Peter Disowns Jesus
54 Then seizing him, they led him away and took him into the house of the high priest. Peter followed at a distance. 55 And when some there had kindled a fire in the middle of the courtyard and had sat down together, Peter sat down with them. 56 A servant girl saw him seated there in the firelight. She looked closely at him and said, “This man was with him.”
57 But he denied it. “Woman, I don’t know him,” he said.
58 A little later someone else saw him and said, “You also are one of them.”
“Man, I am not!” Peter replied.
59 About an hour later another asserted, “Certainly this fellow was with him, for he is a Galilean.”
60 Peter replied, “Man, I don’t know what you’re talking about!” Just as he was speaking, the rooster crowed. 61 The Lord turned and looked straight at Peter. Then Peter remembered the word the Lord had spoken to him: “Before the rooster crows today, you will disown me three times.” 62 And he went outside and wept bitterly.
Here we are with Peter again, this time in Luke’s Gospel. Peter has just watched Jesus being taken away. Perhaps in shock, perhaps looking for the comfort of others, perhaps because there was no place else to go, Peter sits down with a group who had gathered around a fire. And it is here that Peter denies knowing Jesus. Not just once, but three times. And the cock crows, just as Jesus had predicted.
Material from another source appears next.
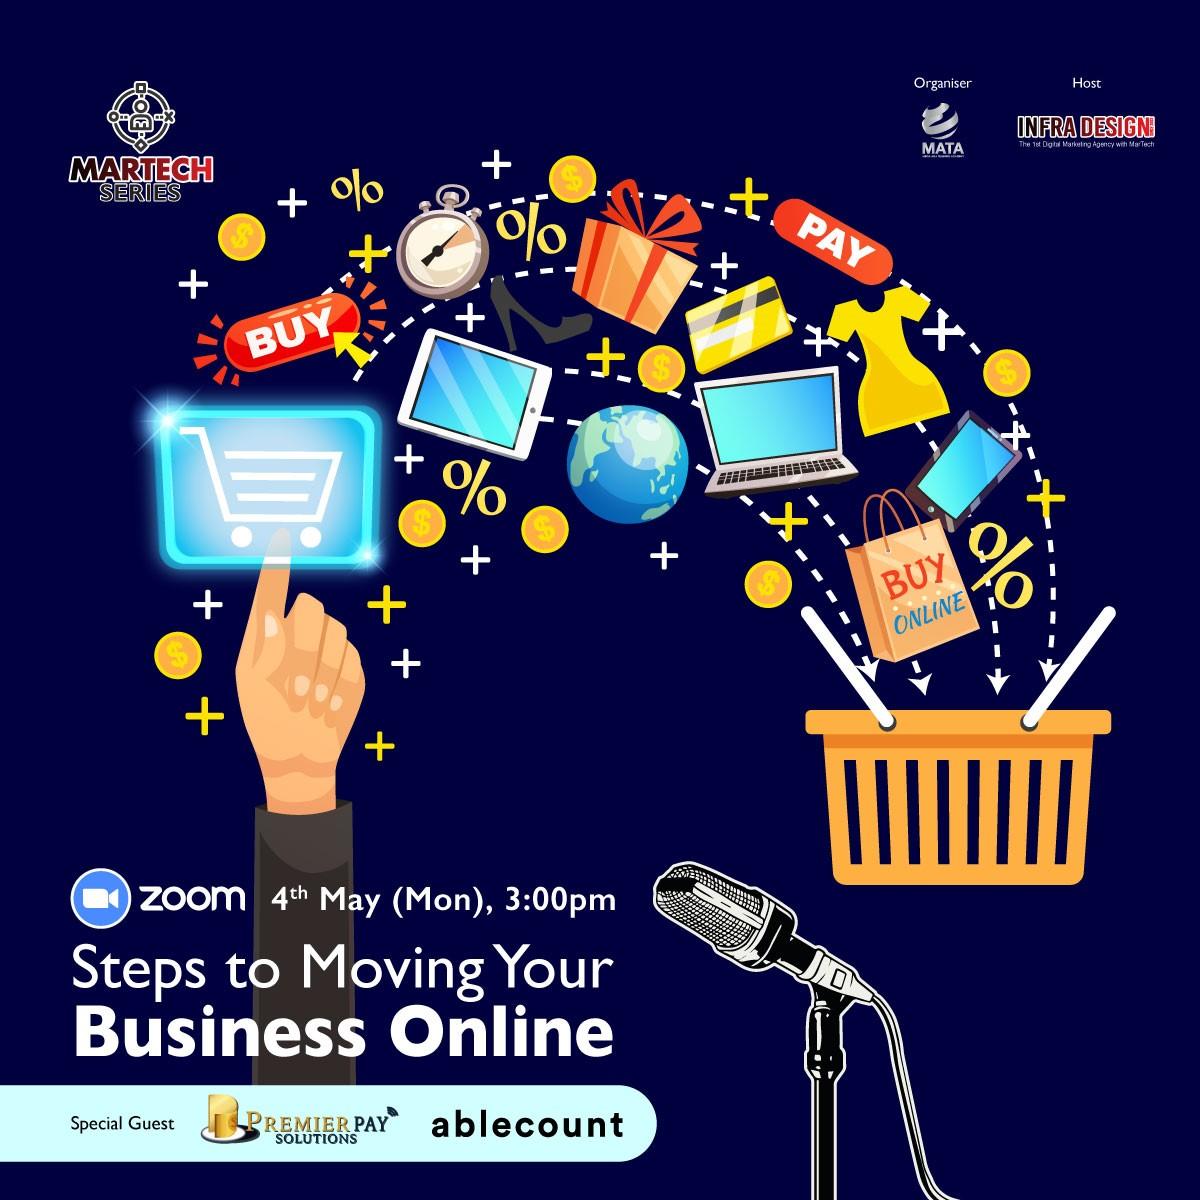 Online Business

When Peter realizes what has happened he breaks down and weeps bitterly.
In many ways the story of Peter is our story, humanity’s story. It is a story of good intentions, of faithfulness, of care and support. It is also a story about fear and how fear can change even the best of intentions.
Peter was afraid and fear caused him to do things he didn’t want to do. Fear also stopped him from doing the things he wanted to do. I think we can all recognize that fear can have an impact on our actions and on our relationships. It can turn us into people we don’t recognize or want to be.
So today, in the midst of physical isolation and uncertainty, when fear can find its way into our home and into our hearts, how do we protect ourselves from allowing fear to shape us or change us?
In a recent conversation a friend was telling me of one of her parishioners discovering that praying for others was helping to strengthen her trust in God and relieve her fear.
A colleague recounted the story of how one man, who was terrified he might contract the virus, got involved in delivering meals to seniors at home, and his fear turned into gratitude for the many people he met, even from a distance.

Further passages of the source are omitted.